● **EXERCISE DATA**:
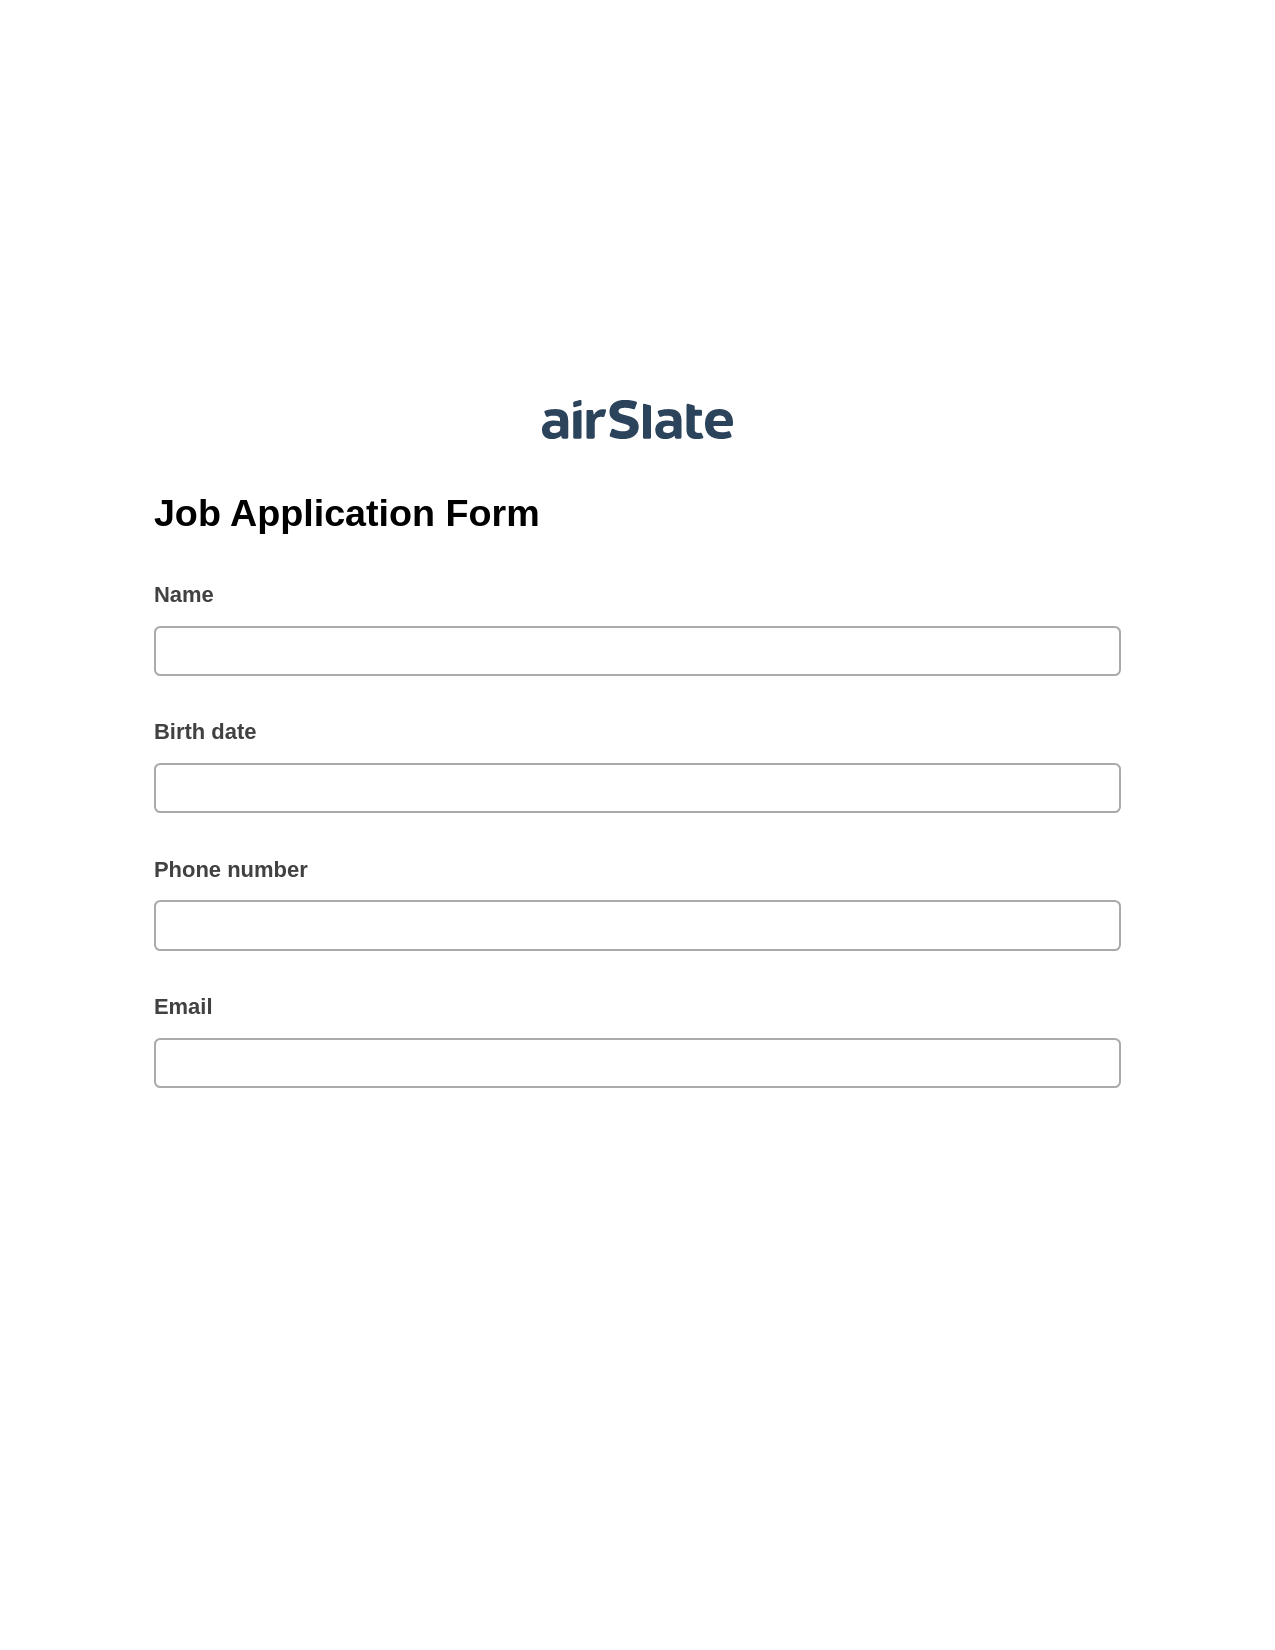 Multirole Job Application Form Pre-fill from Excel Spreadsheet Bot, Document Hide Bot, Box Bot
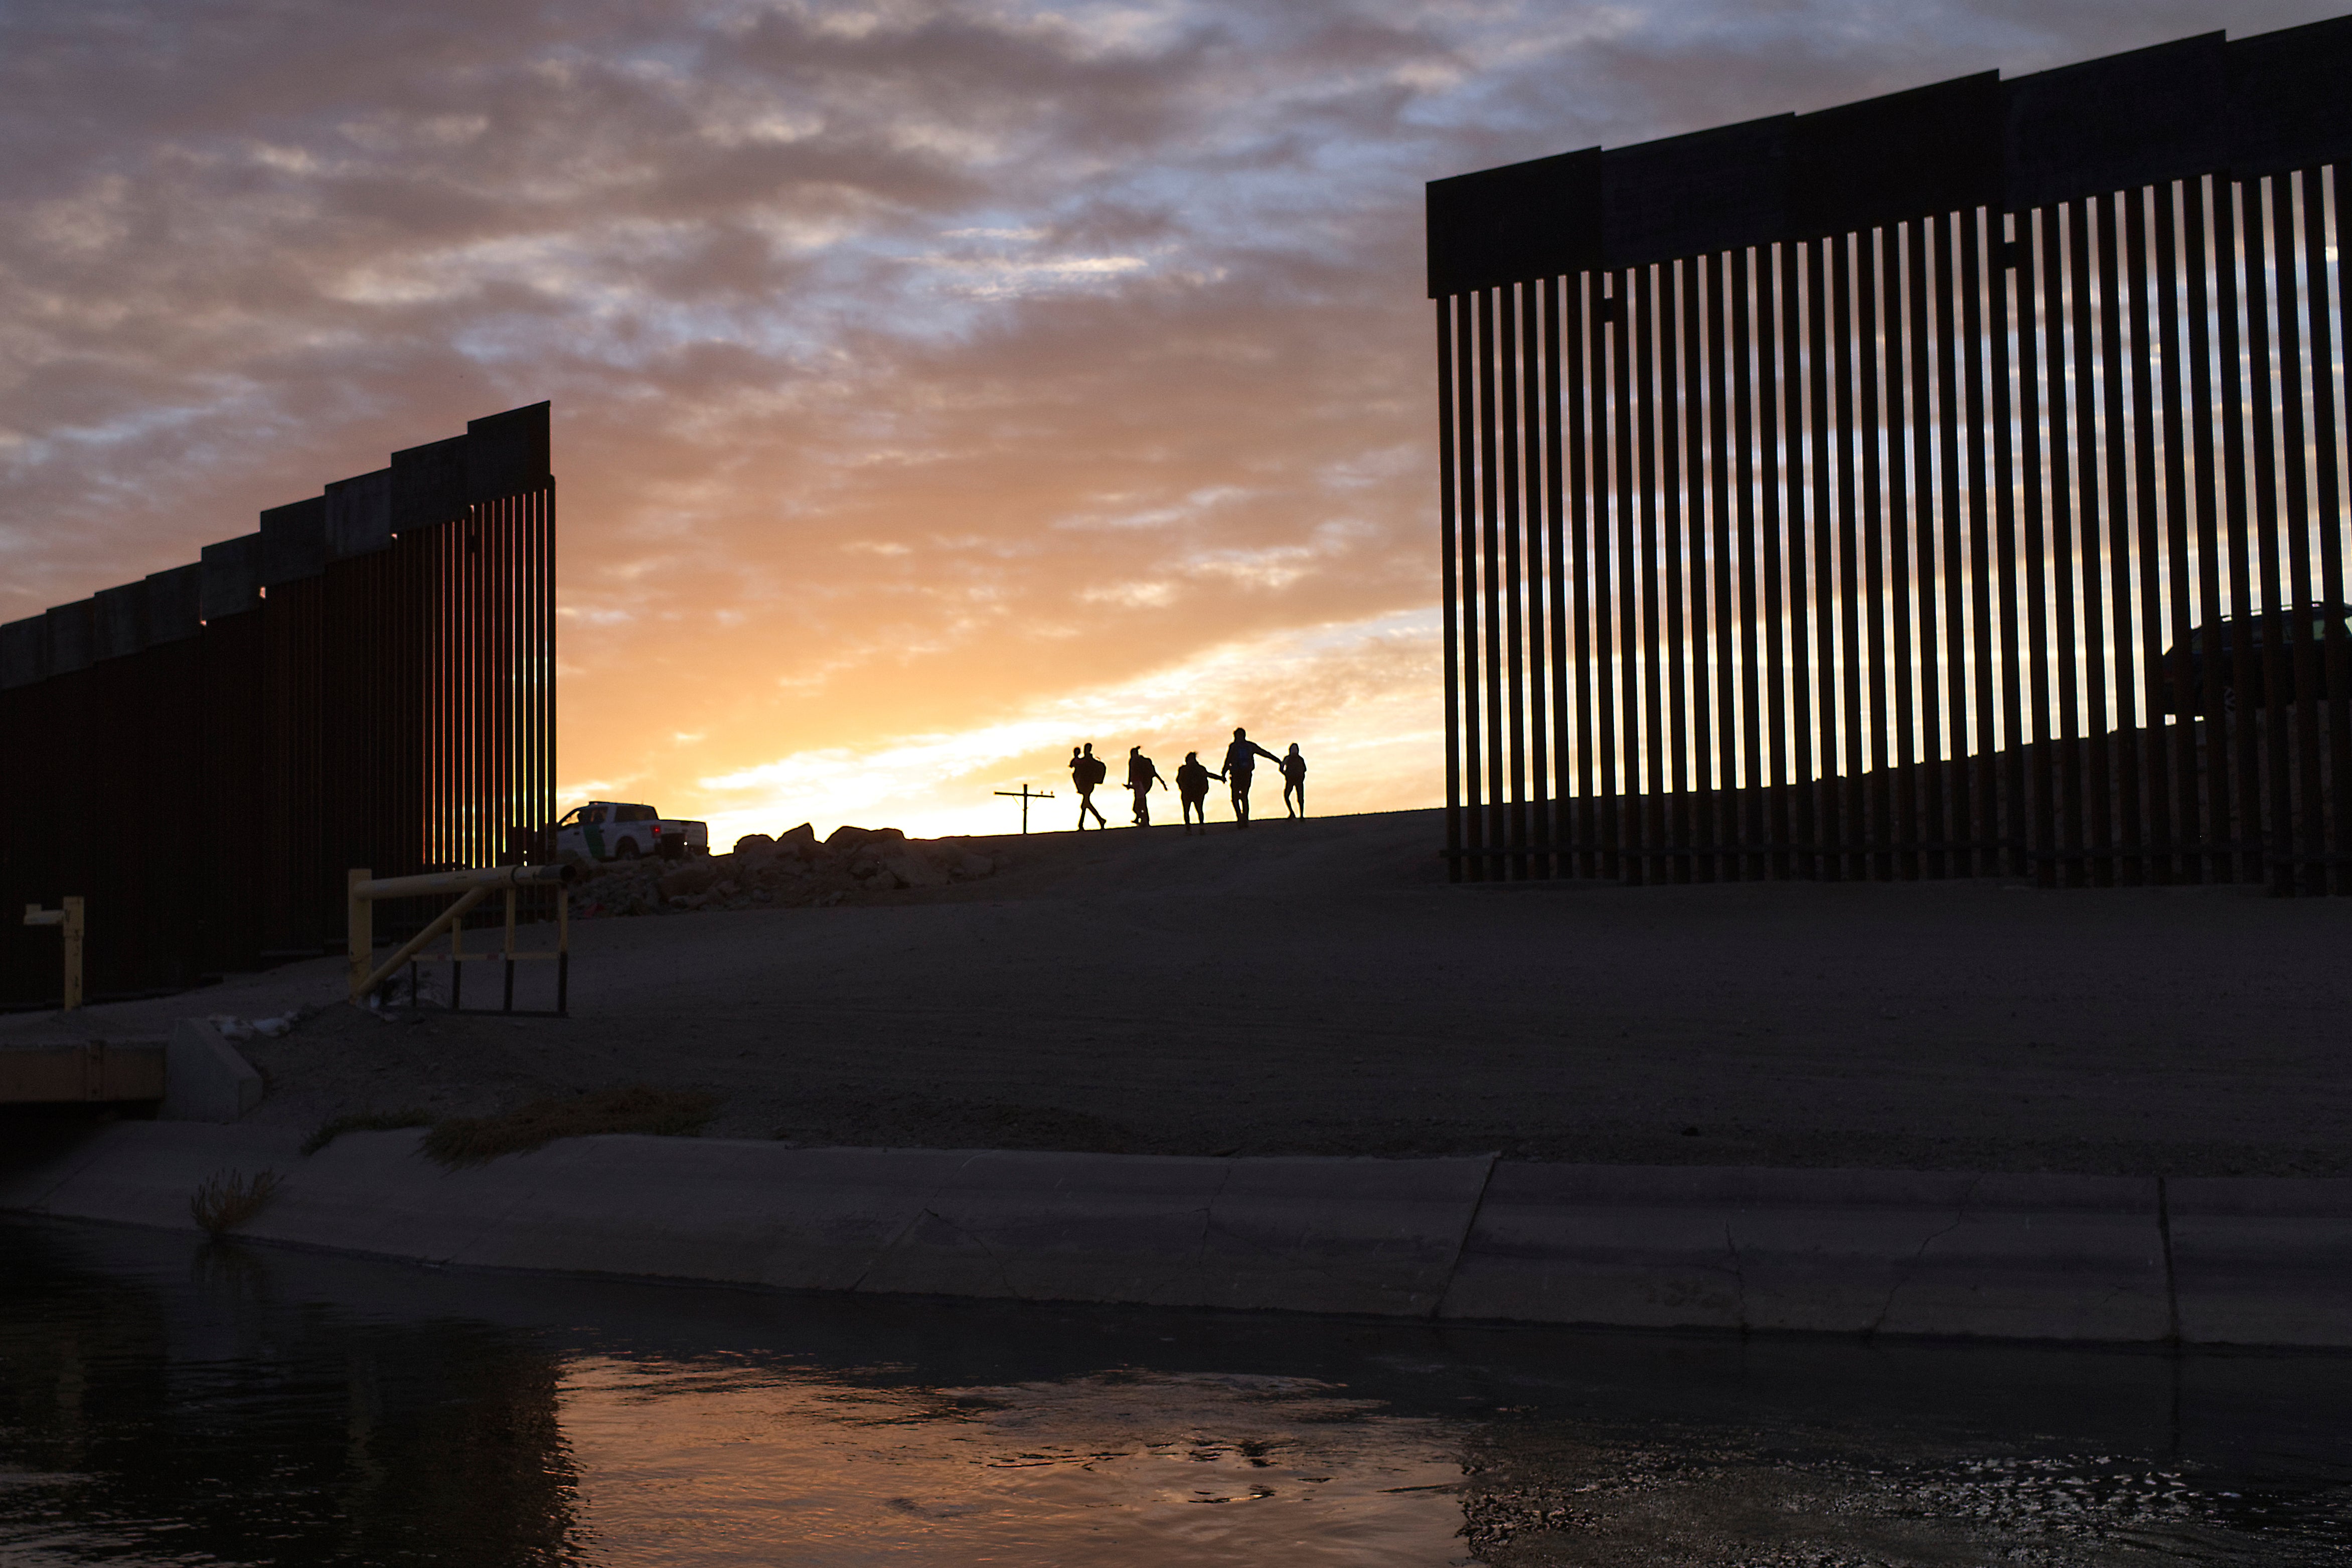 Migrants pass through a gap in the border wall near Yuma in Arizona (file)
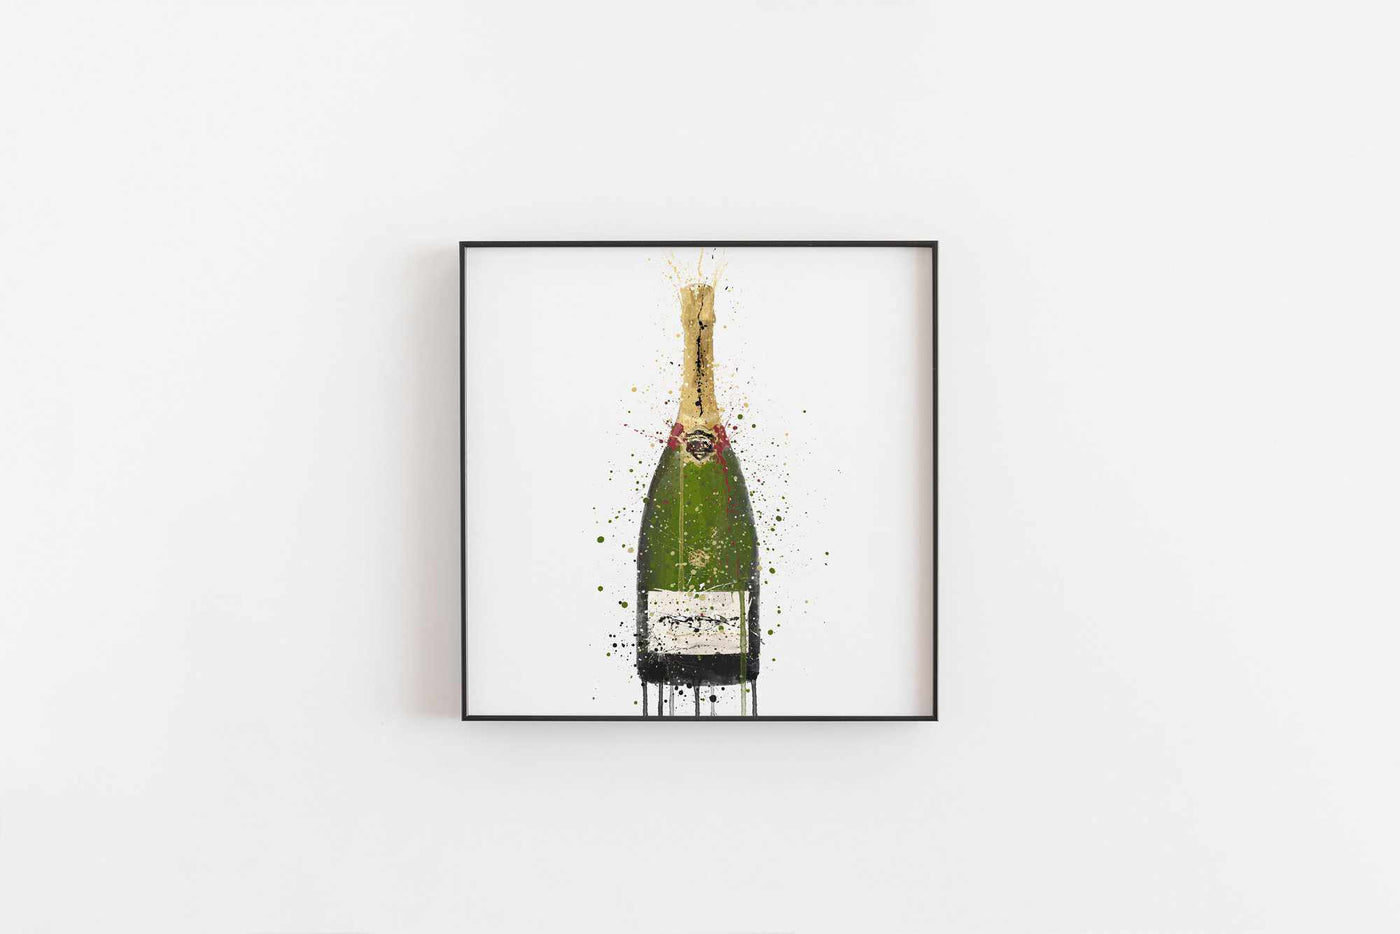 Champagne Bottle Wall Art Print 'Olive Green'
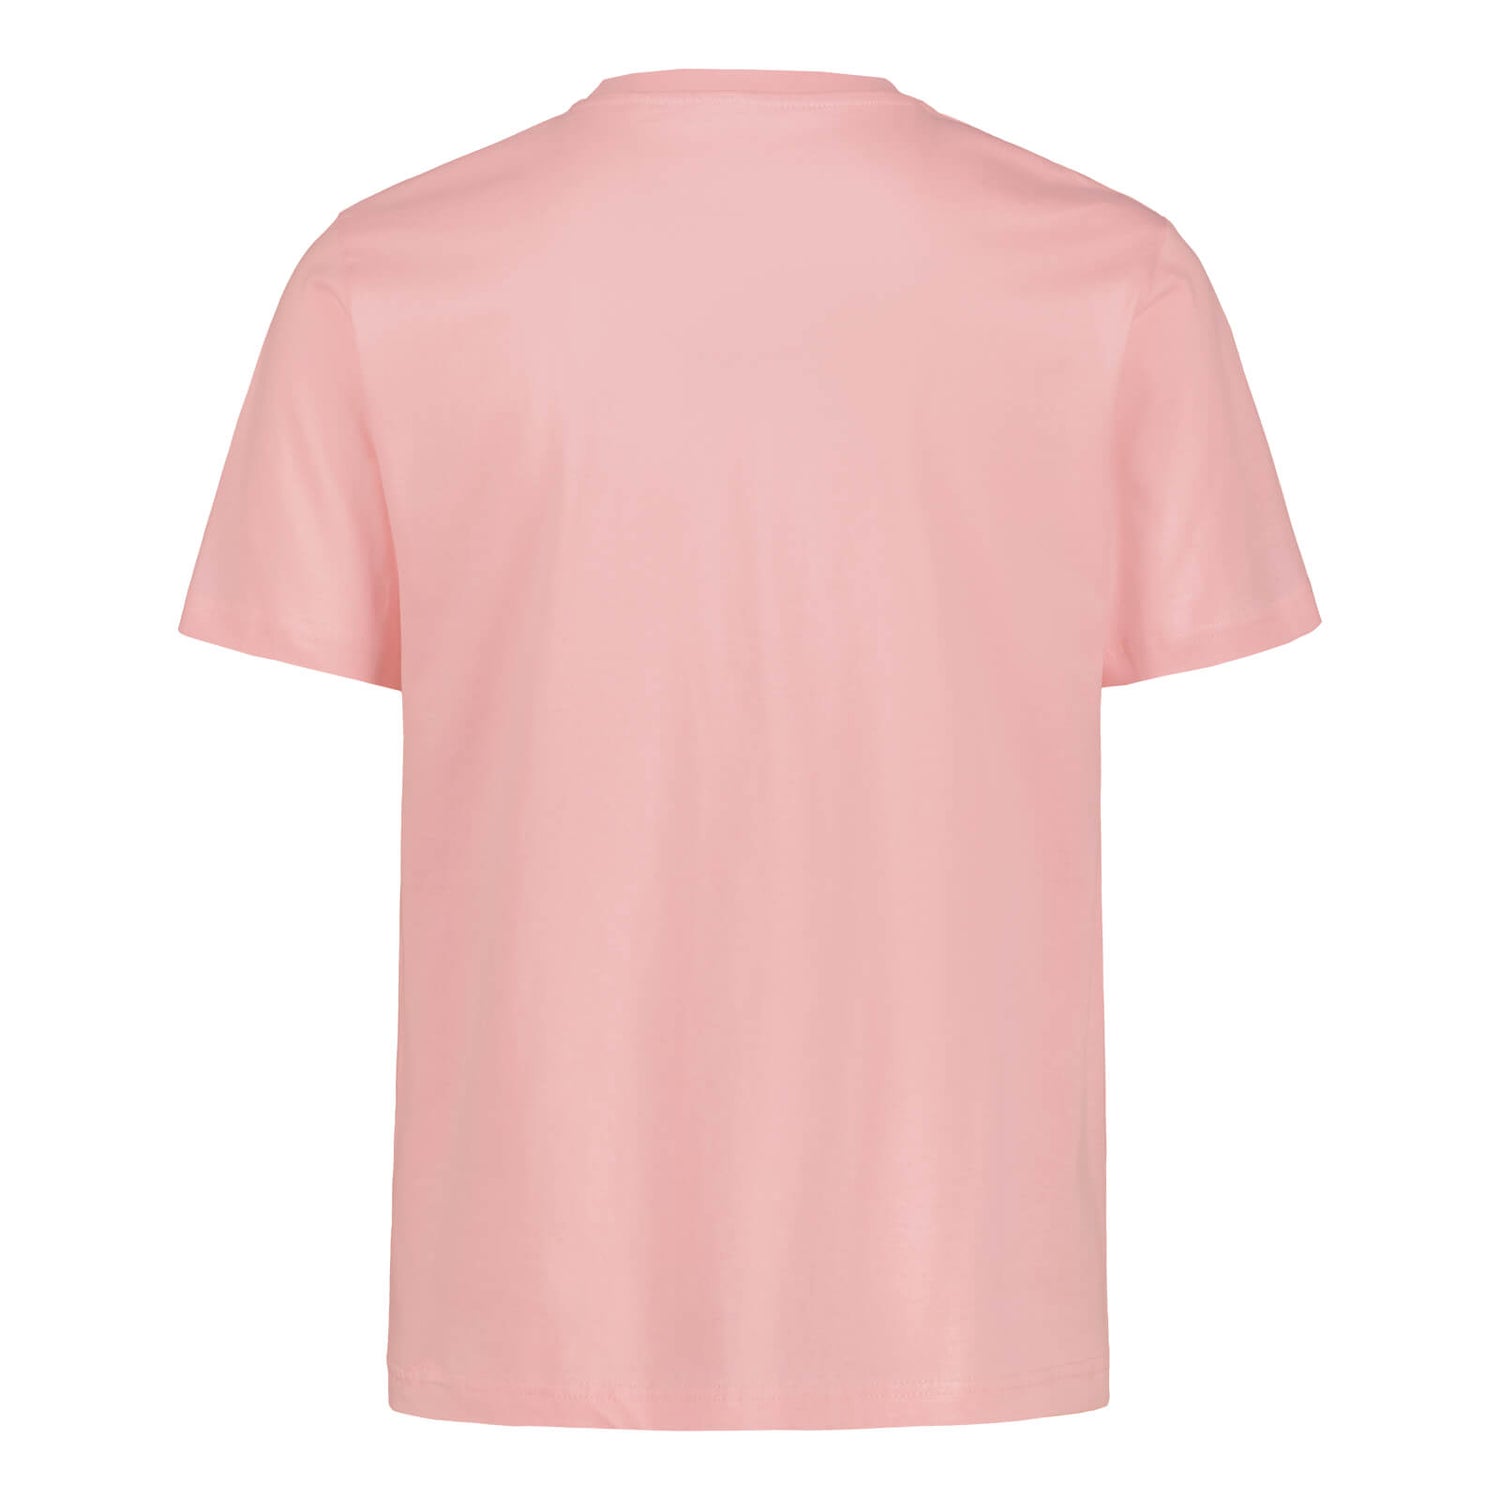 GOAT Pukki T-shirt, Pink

● **EXERCISE GOAL**:
Where the line containing "Migrants pass through" appears in the data above, begin there and output every line through the last, exactly and without pictures.

● **SOLUTION FOR THIS TASK**:
 Migrants pass through a gap in the border wall near Yuma in Arizona (file)
 Champagne Bottle Wall Art Print 'Olive Green'
 GOAT Pukki T-shirt, Pink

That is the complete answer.